Subscription Required. Please recommend JoVE to your librarian.
Acknowledgments
Этот протокол был протестирован и оптимизирован первоначально в лаборатории д-р Ричард Хайнс (MIT). Финансирование предоставляется AWARD NYSTEM IDEA (для LX) и Рут Л. Kirschstein Национальный исследовательский Service Award (для LX).
Materials
Name | Company | Catalog Number | Comments |
DMEM | Invitrogen | 10313-021 | |
FBS | Hyclone | SH30088.03 | |
HBSS | Invitrogen | 14175-095 | |
NaCl | Sigma-Aldrich | S9888 | |
KCl | Mallinckrodt Baker Inc. | 6838-04 | |
Na2 HPO4.7H2O | Mallinckrodt Baker Inc. | 7896-04 | |
KH2PO4 | Mallinckrodt Baker Inc. | 7100-12 | |
Phenol red | Sigma-Aldrich | P3532 | |
EDTA-Na | EMD Millipore | 4010 | |
Trypan Blue | Invitrogen | 15250-061 | |
Trypsin 2.5% | Invitrogen | 15090-046 | |
Ethanol | Ultrapure | 200-CSGP | |
50 ml Falcon Tube | VWR international | 89039-656 | |
Microcentrifuge Tubes | Axygen Scientific | MCT-175-C | |
Falcon 70μm Cell Strainer | BD Biosciences | 352350 | |
5ml Falcon Culture Tube | VWR international | 60818-576 | |
Hemacytometer | Hausser Scientific | 15170-208 | |
1 ml syringe | BD Biosciences | 329650 | |
30 ½ gauge needle | BD Biosciences | 305106 | |
Mouse restrainer | Plas Labs Inc. | 551-BSRR | |
Surgical scissors | Fisher Scientific | 08-940 | |
Forceps | Fisher Scientific | 08-902 | |
Dissecting Microscope | Nikon Instruments | SMZ1500 | |
Benchtop Centrifuge | Thermo Fisher Scientific, Inc. | 75003491 |
References
- Xu, L. Gene expression changes in an animal melanoma model correlate with aggressiveness of human melanoma metastases.

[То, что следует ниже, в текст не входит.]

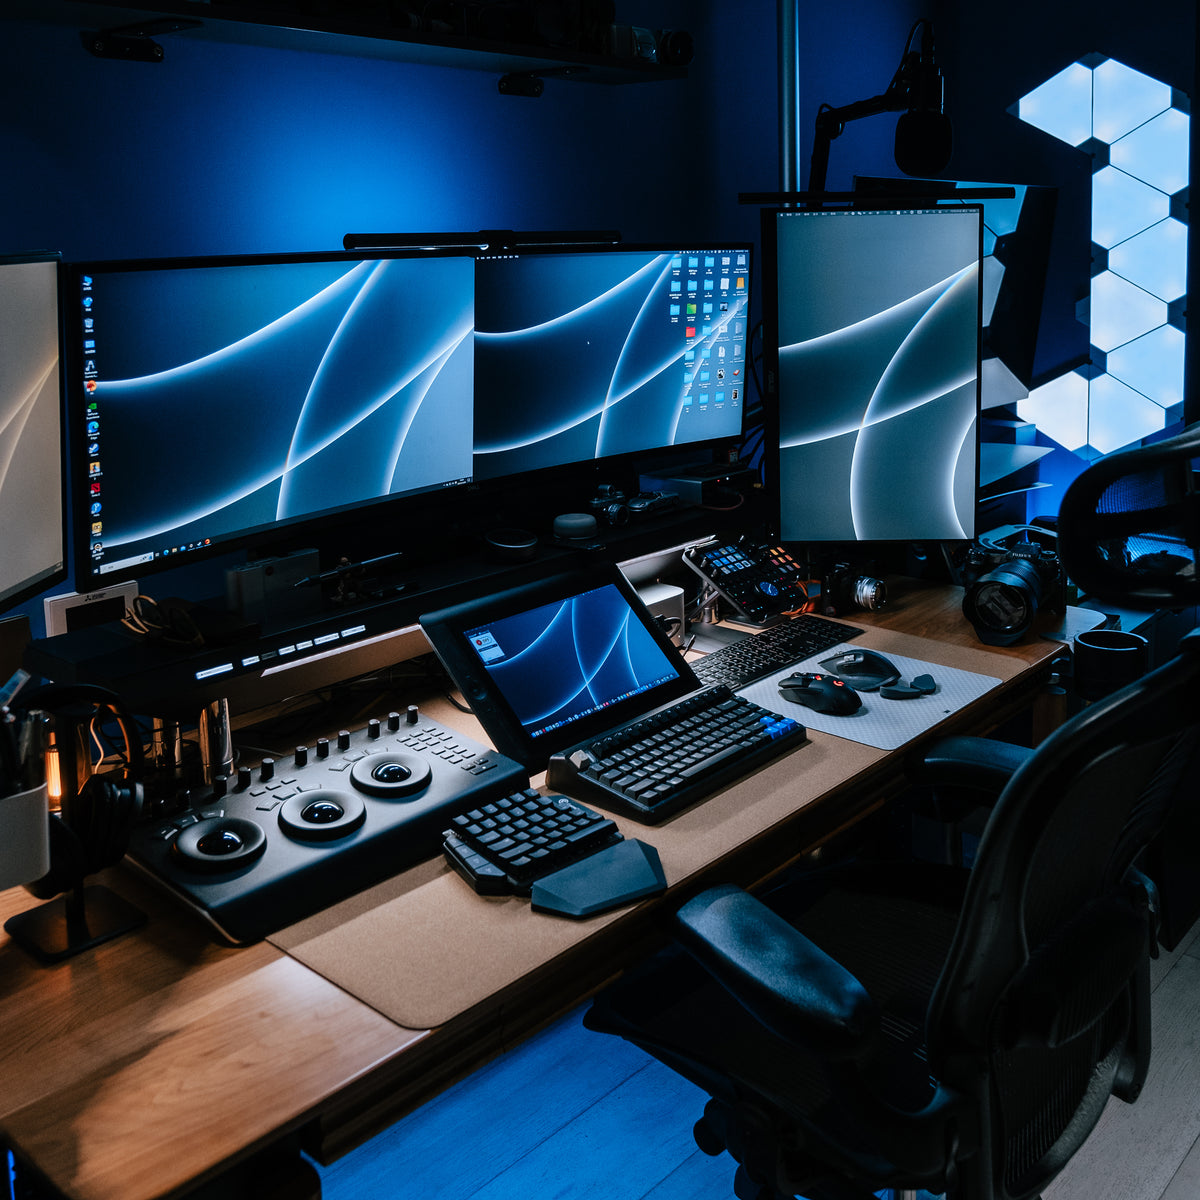 Happy Wednesday, guys! Today, we're sharing the desktop setup of our user. “Hexcal  Studio is like a working universe, with its…

Mol Cancer Res. 6 (5), 760-760 (2008).
- Clark, E. A., Golub, T. R., Lander, E. S., Hynes, R. O. Genomic analysis of metastasis reveals an essential role for RhoC. Nature. 406 (6795), 532-532 (2000).
- Xu, L., Begum, S., Hearn, J. D., Hynes, R. O. GPR56, an atypical G protein-coupled receptor, binds tissue transglutaminase, TG2, and inhibits melanoma tumor growth and metastasis. Proc Natl Acad Sci U S A. 103 (24), 9023-9023 (2006).
- Kozlowski, J. M., Hart, I. R., Fidler, I. J., Hanna, N. A human melanoma line heterogeneous with respect to metastatic capacity in athymic nude mice. J Natl Cancer Inst. 72 (4), 913-913 (1984).
- Kang, Y. A multigenic program mediating breast cancer metastasis to bone. Cancer Cell. 3 (6), 537-537 (2003).